Asseyez-vous, chère madame —dijo Aristides. Hizo un gesto con una mano semejante a una garra, e Hilary se adelantó como en un sueño, hasta sentarse en otro diván frente a él.

Él dejó escapar una risita cascada.

—Está sorprendida. No es lo que usted esperaba, ¿verdad?

—No, desde luego —admitió Hilary—. Nunca pensé… nunca imaginé…

Pero ya su sorpresa comenzaba a desaparecer.

Al ver a Mr. Aristides, todo aquel mundo irreal en el que había vivido durante las últimas semanas se vino abajo hecho pedazos.

Ahora sabía por qué la Unidad le había parecido irreal: porque lo era.

Nunca fue lo que pretendía. El herr director con su voz arrebatadora tampoco era auténtico, sólo una ficción creada para ocultar la verdad.

La verdad estaba aquí en esta secreta estancia oriental. En aquel viejo menudo que reía tranquilamente. Con Mr. Aristides en el centro de aquel cuadro, todo tenía sentido: el sentido común, práctico y cotidiano.

—Ahora lo comprendo —comentó Hilary—. Esto es todo suyo, ¿verdad?

—Sí, madame.

—¿Y el director? ¿El que llaman director?

—Es muy bueno —manifestó Mr. Aristides— y le pago un sueldo muy elevado. Antes era predicador.

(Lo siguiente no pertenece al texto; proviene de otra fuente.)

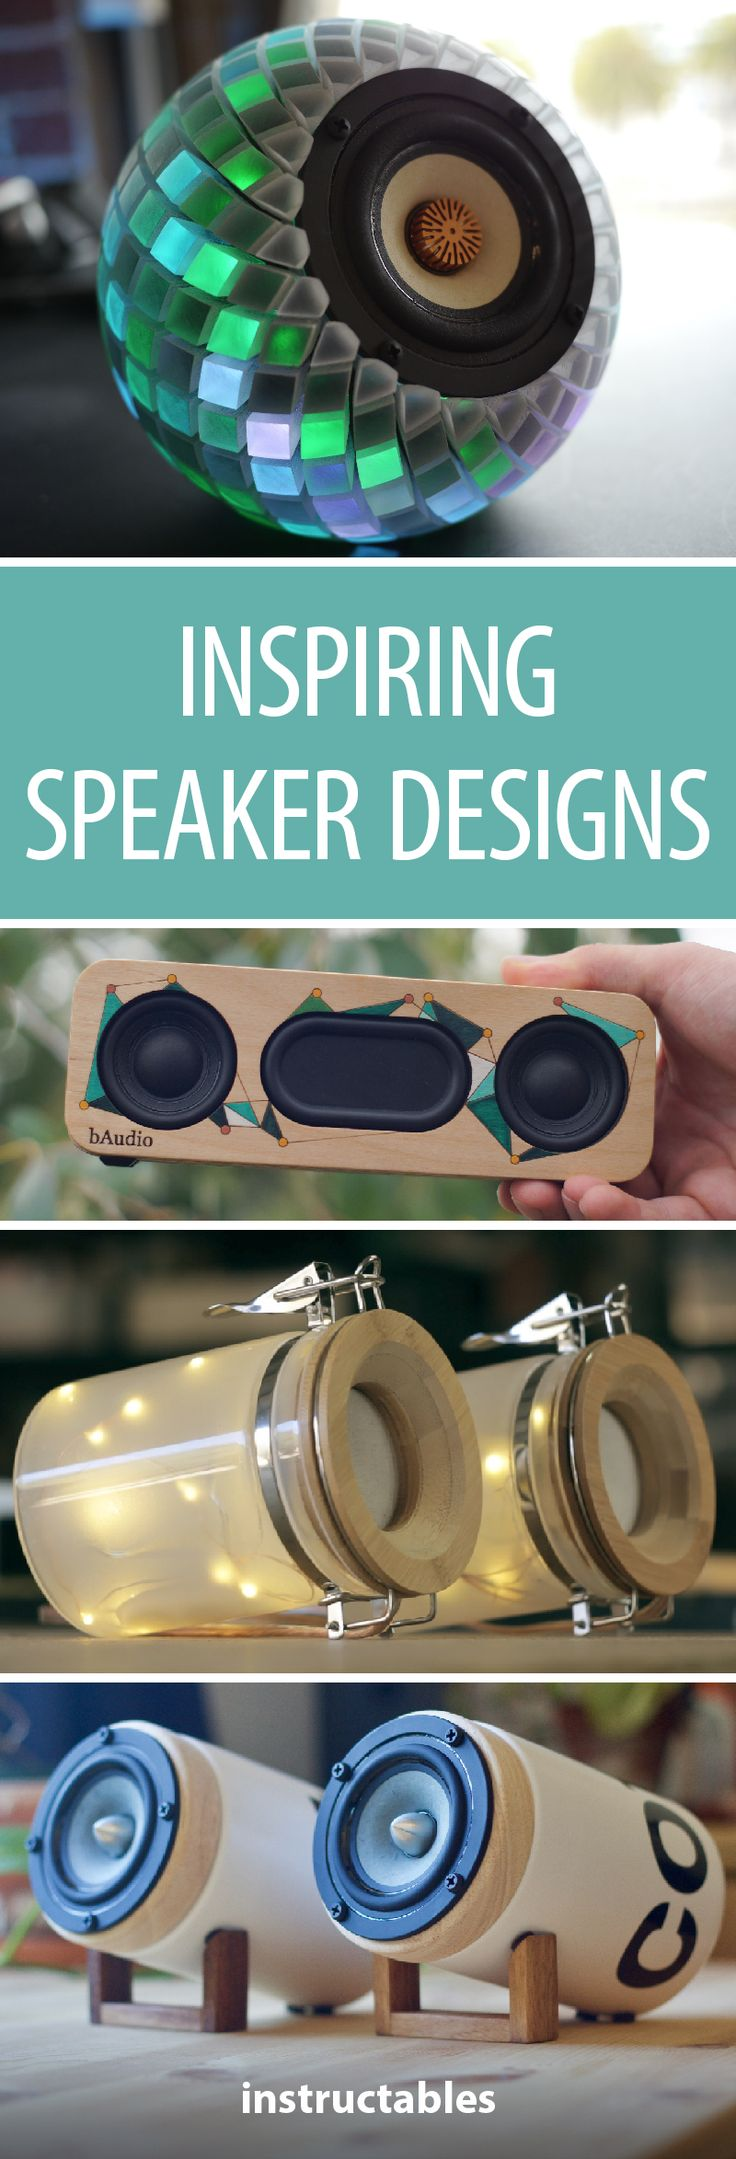 Inspiring Speaker Projects
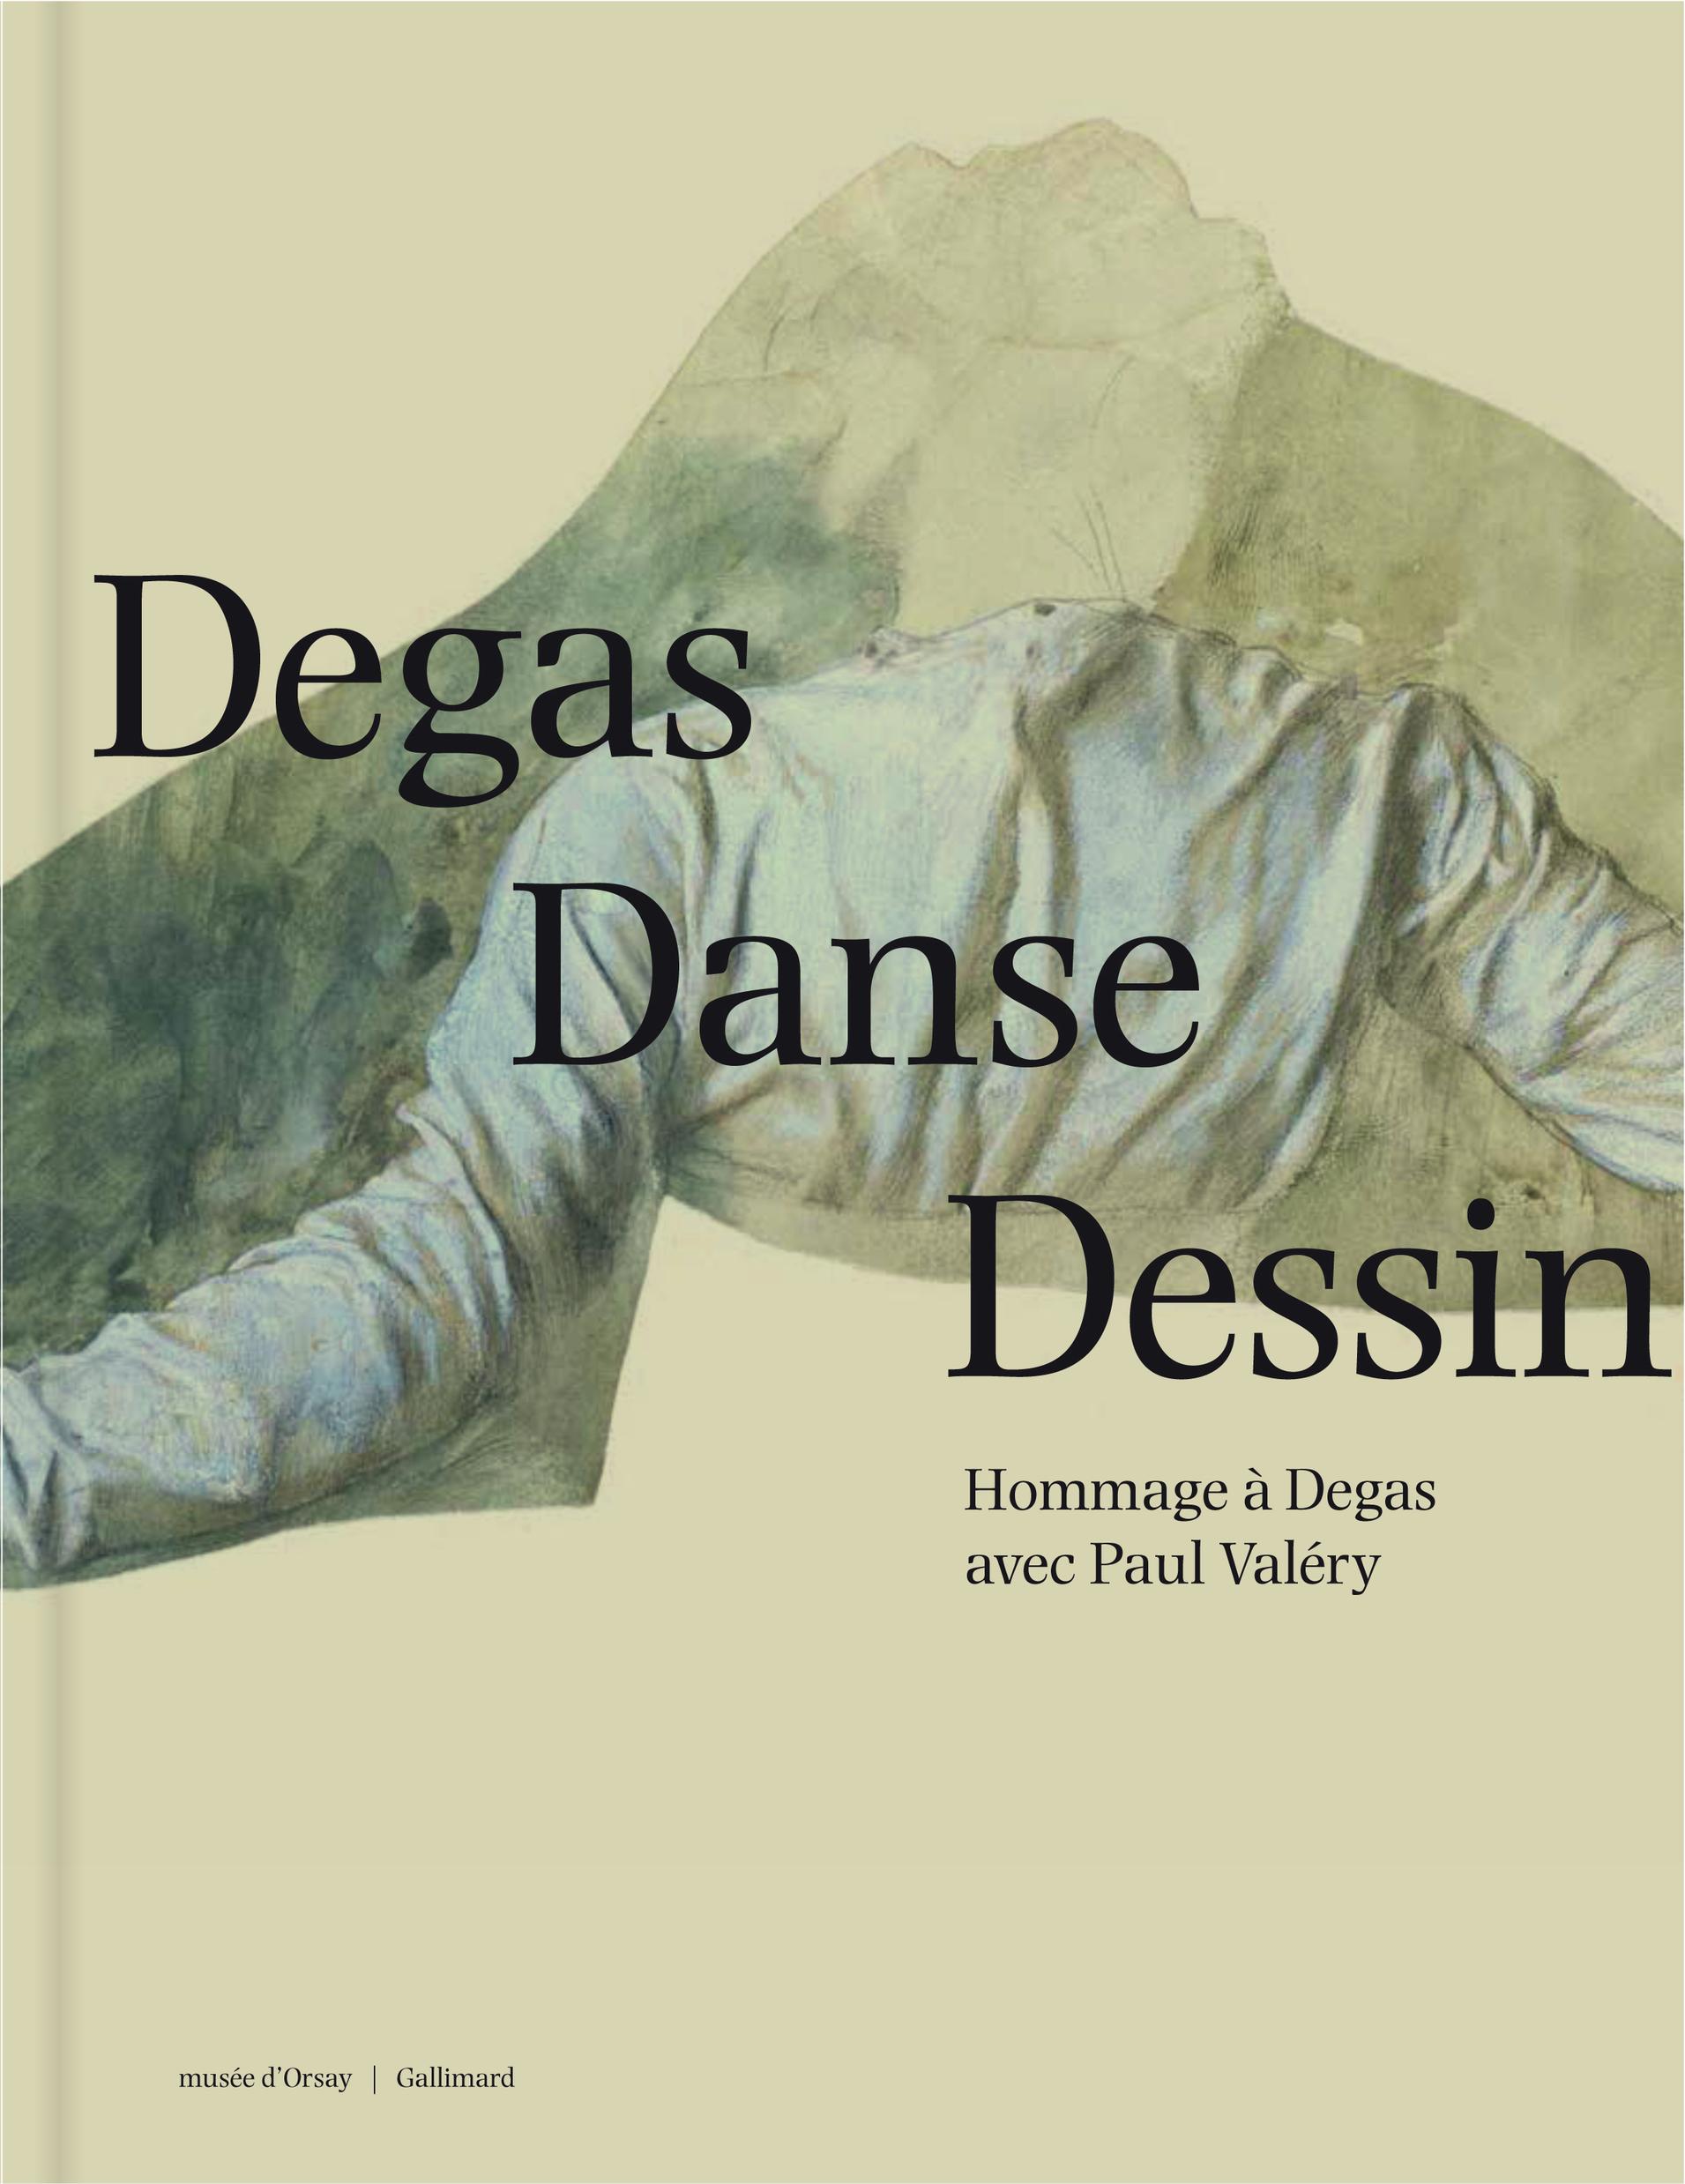 DEGAS DANSE DESSIN - HOMMAGE A DEGAS AVEC PAUL VALERY

Fumó en silencio unos momentos. Hilary nada dijo.

—Junto a usted hay Delicias Turcas, madame, y otras golosinas si prefiere.

De nuevo se hizo el silencio. Luego prosiguió:

—Soy un filántropo, madame. Como ya sabe, soy rico. Uno de los hombres más ricos, probablemente el más rico del mundo hoy en día. Con mi riqueza me siento obligado a servir a la humanidad. He establecido aquí, en este lugar remoto, una leprosería y un gran centro para investigar el problema de curar la lepra. Ciertos tipos de lepra pueden curarse. Otros, por ahora, son incurables. Pero, de todas formas, estamos trabajando en ello y obteniendo buenos resultados.

»La lepra no es en realidad una enfermedad que se contagie fácilmente. No es ni la mitad de contagiosa o infecciosa que la viruela, el tifus, la tuberculosis o cualquier otra enfermedad parecida. Y no obstante, si se menciona una «leprosería», todo el mundo se estremece de horror y se aleja todo lo posible. Es un miedo ancestral. Un miedo que aparece en la Biblia y que ha perdurado a través de los siglos. El horror a los leprosos. Me ha sido muy útil para establecer este sitio.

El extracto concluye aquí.